◆ Supplied information ◆
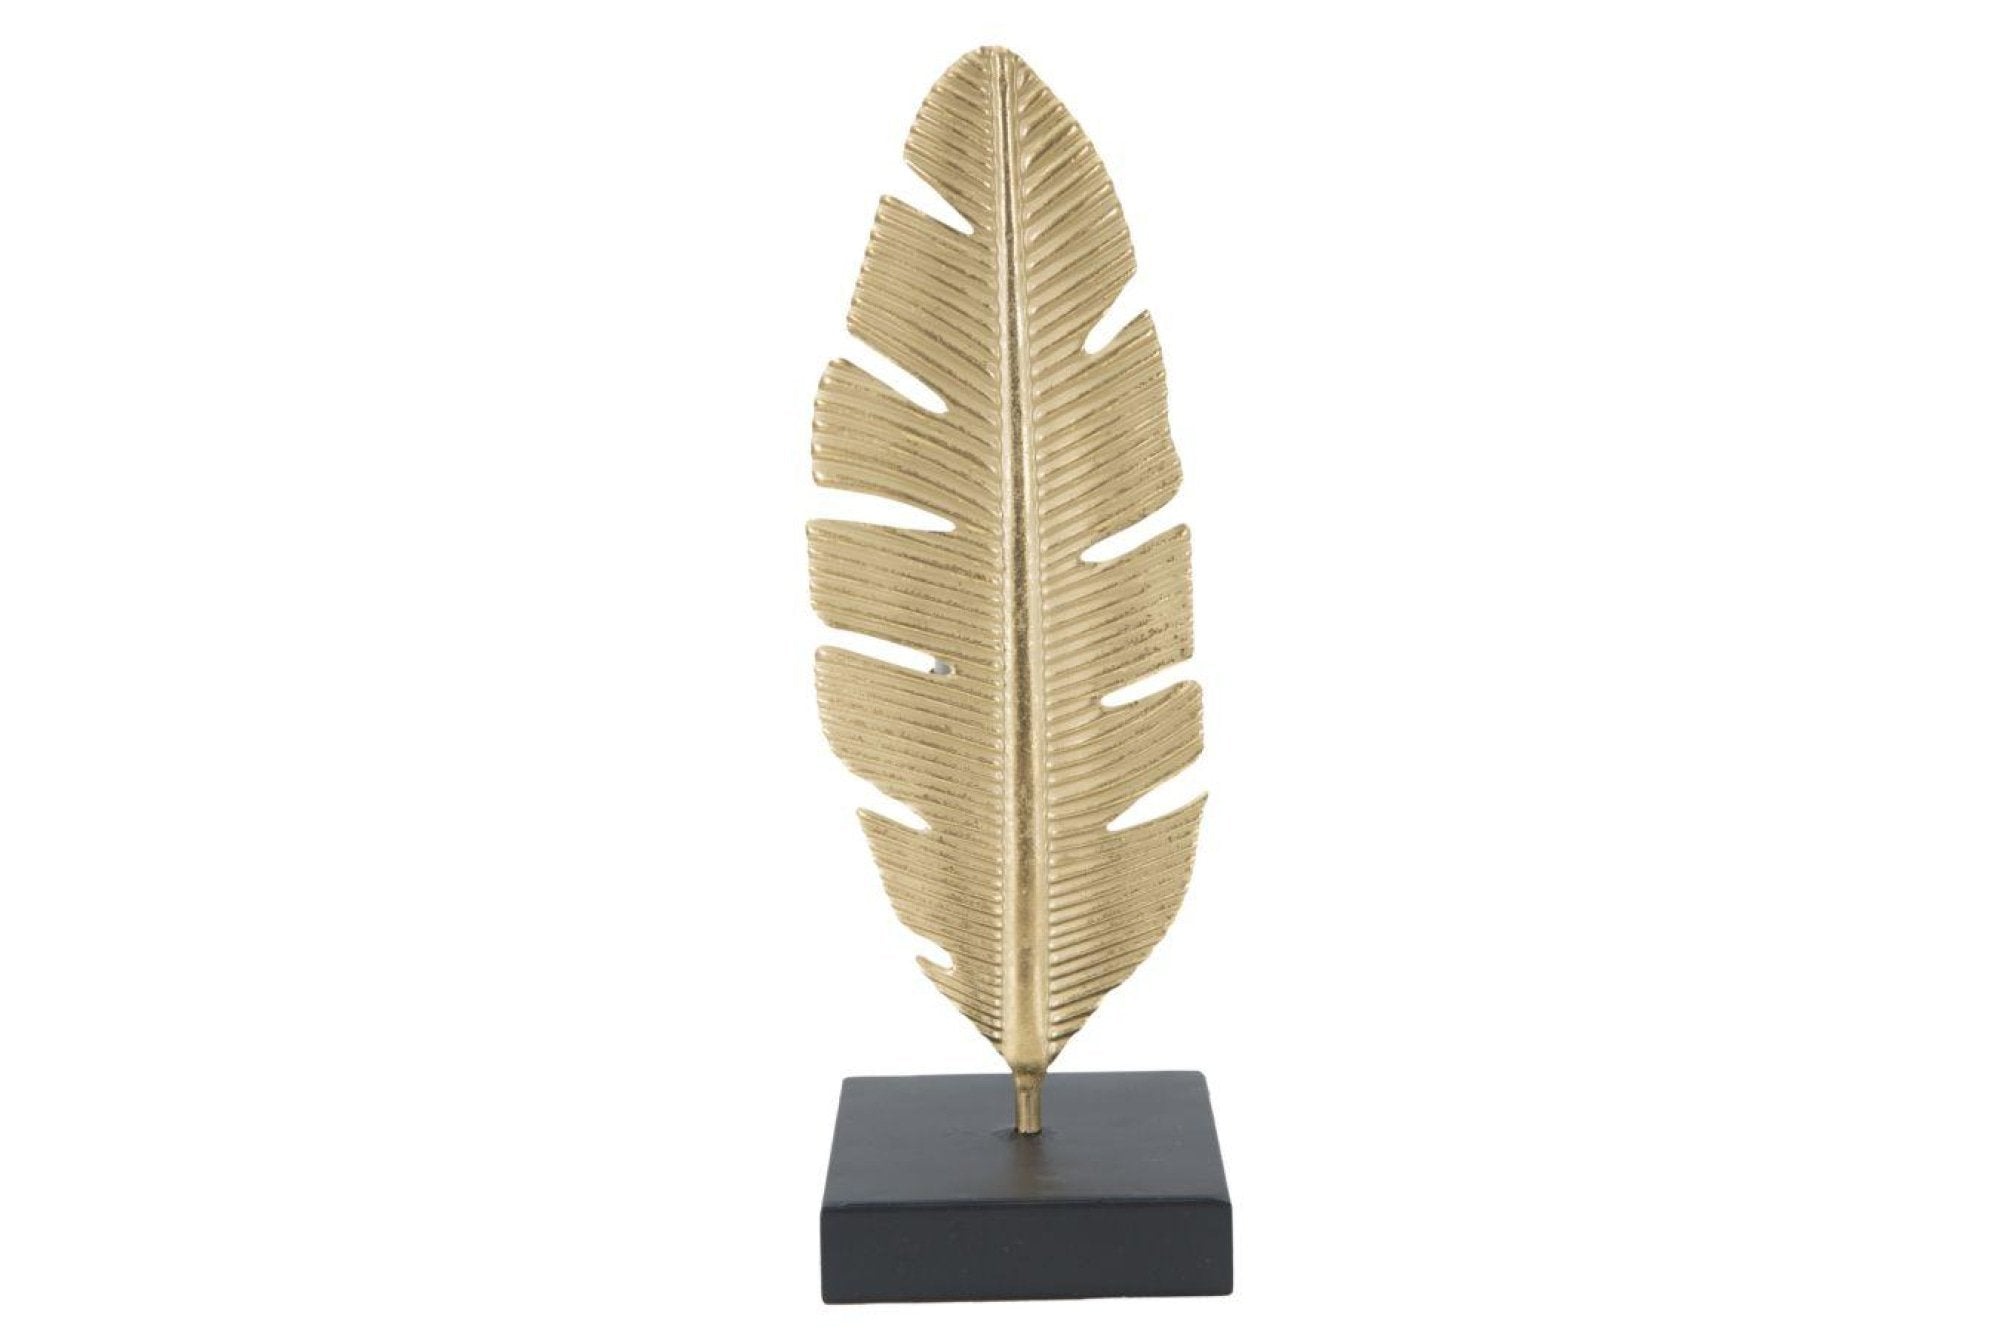 Feather aranyszínű dekorációs gyertyatartó, magasság 30 cm - Mauro Ferretti
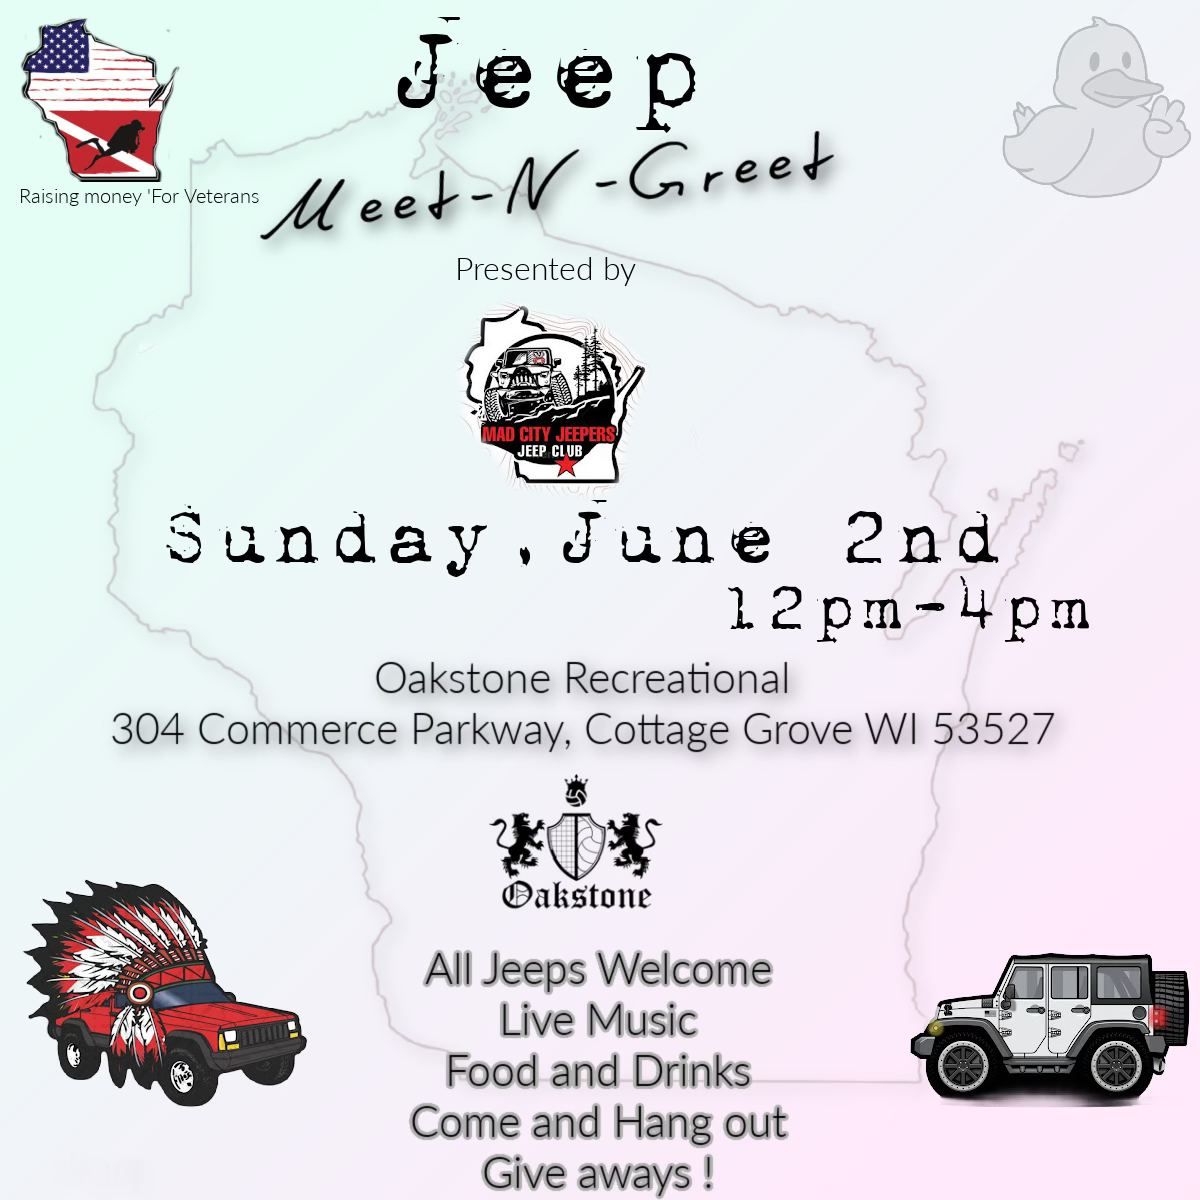 1st annual Jeep Meet-N-Greet
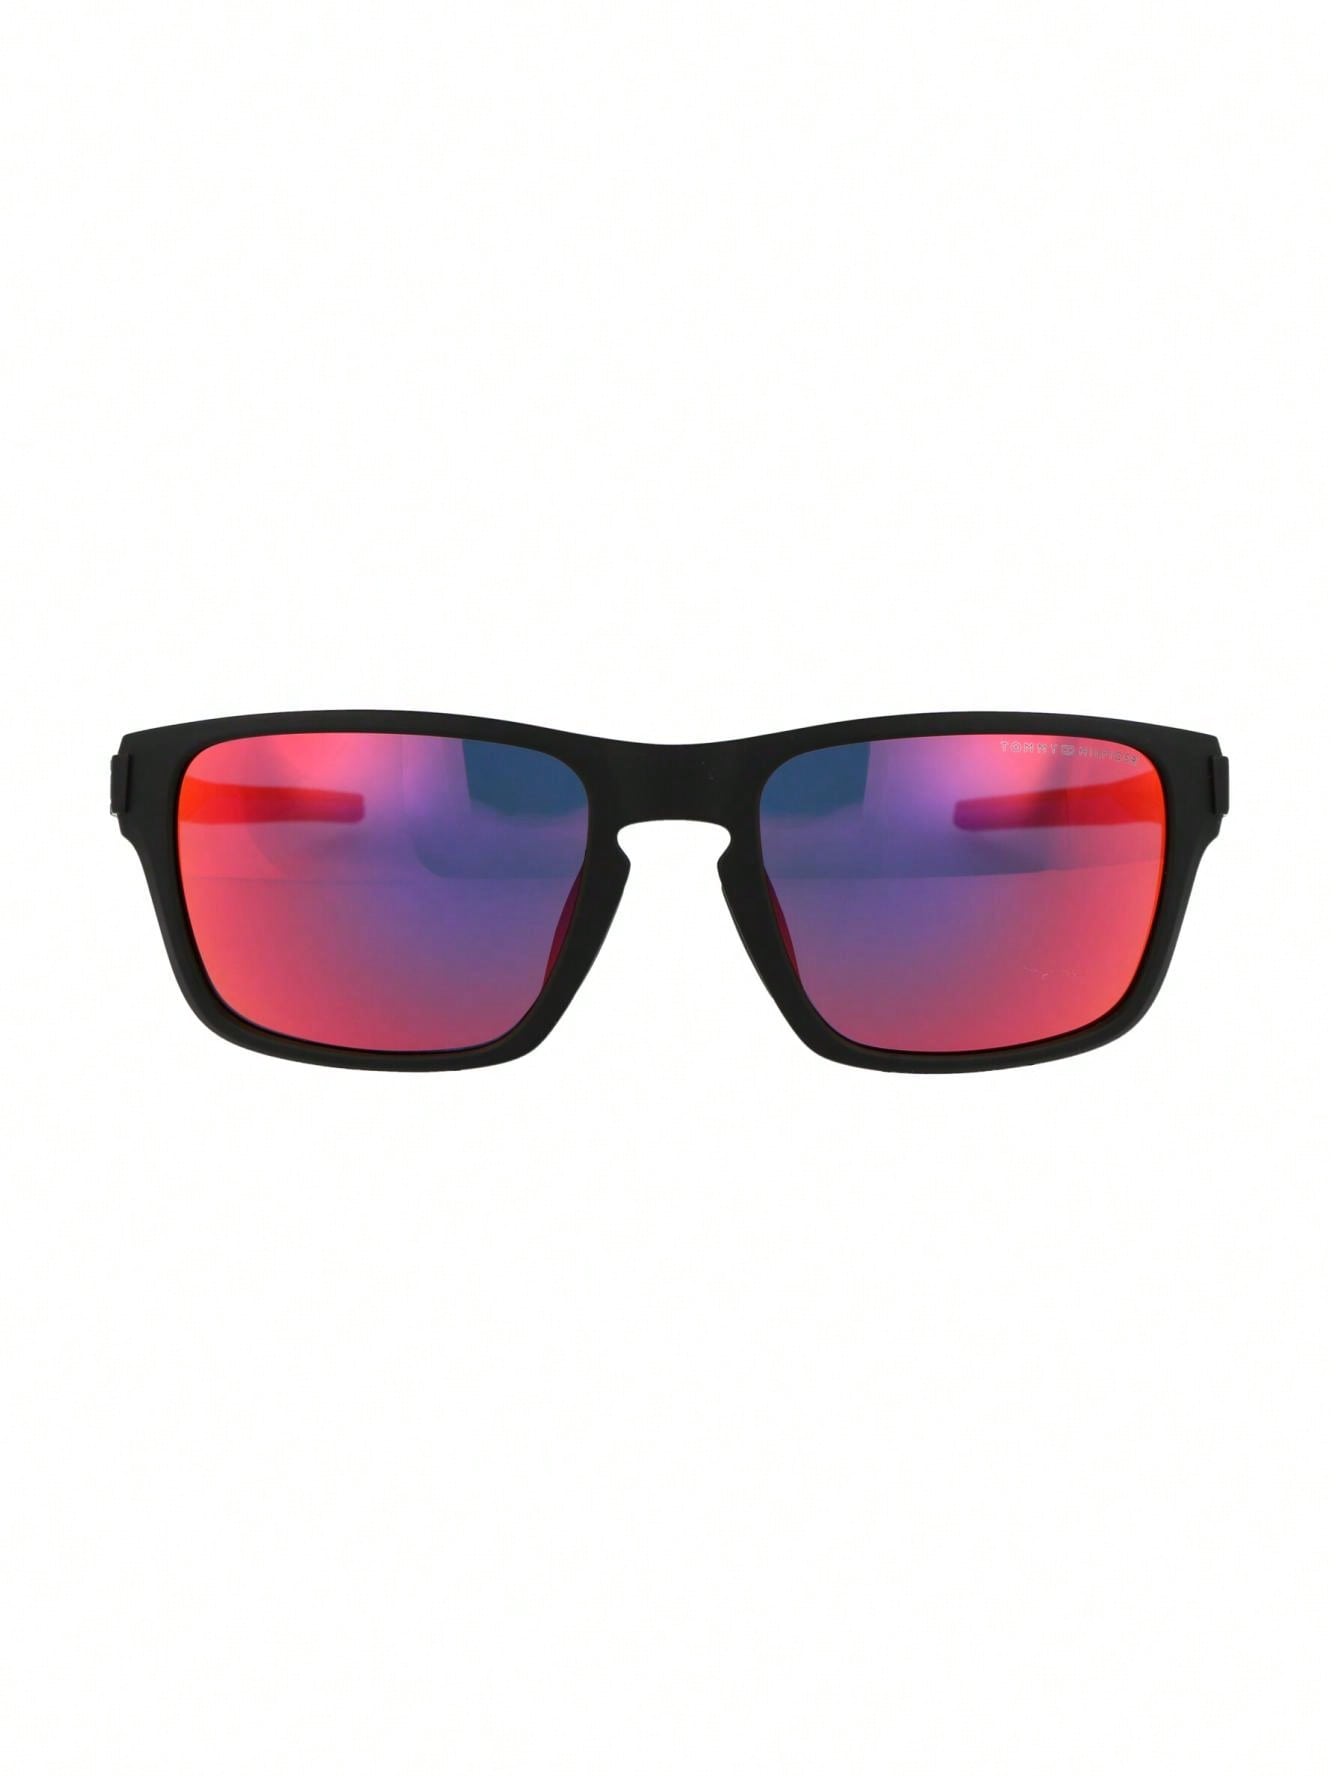 Мужские солнцезащитные очки Tommy Hilfiger DECOR TH1952S0VKPL, многоцветный

◆ The task ◆
Omit the pictures, then quote the rest of the material above exactly.

◆ Exercise answer ◆
 Feather aranyszínű dekorációs gyertyatartó, magasság 30 cm - Mauro Ferretti
 1st annual Jeep Meet-N-Greet
 Мужские солнцезащитные очки Tommy Hilfiger DECOR TH1952S0VKPL, многоцветный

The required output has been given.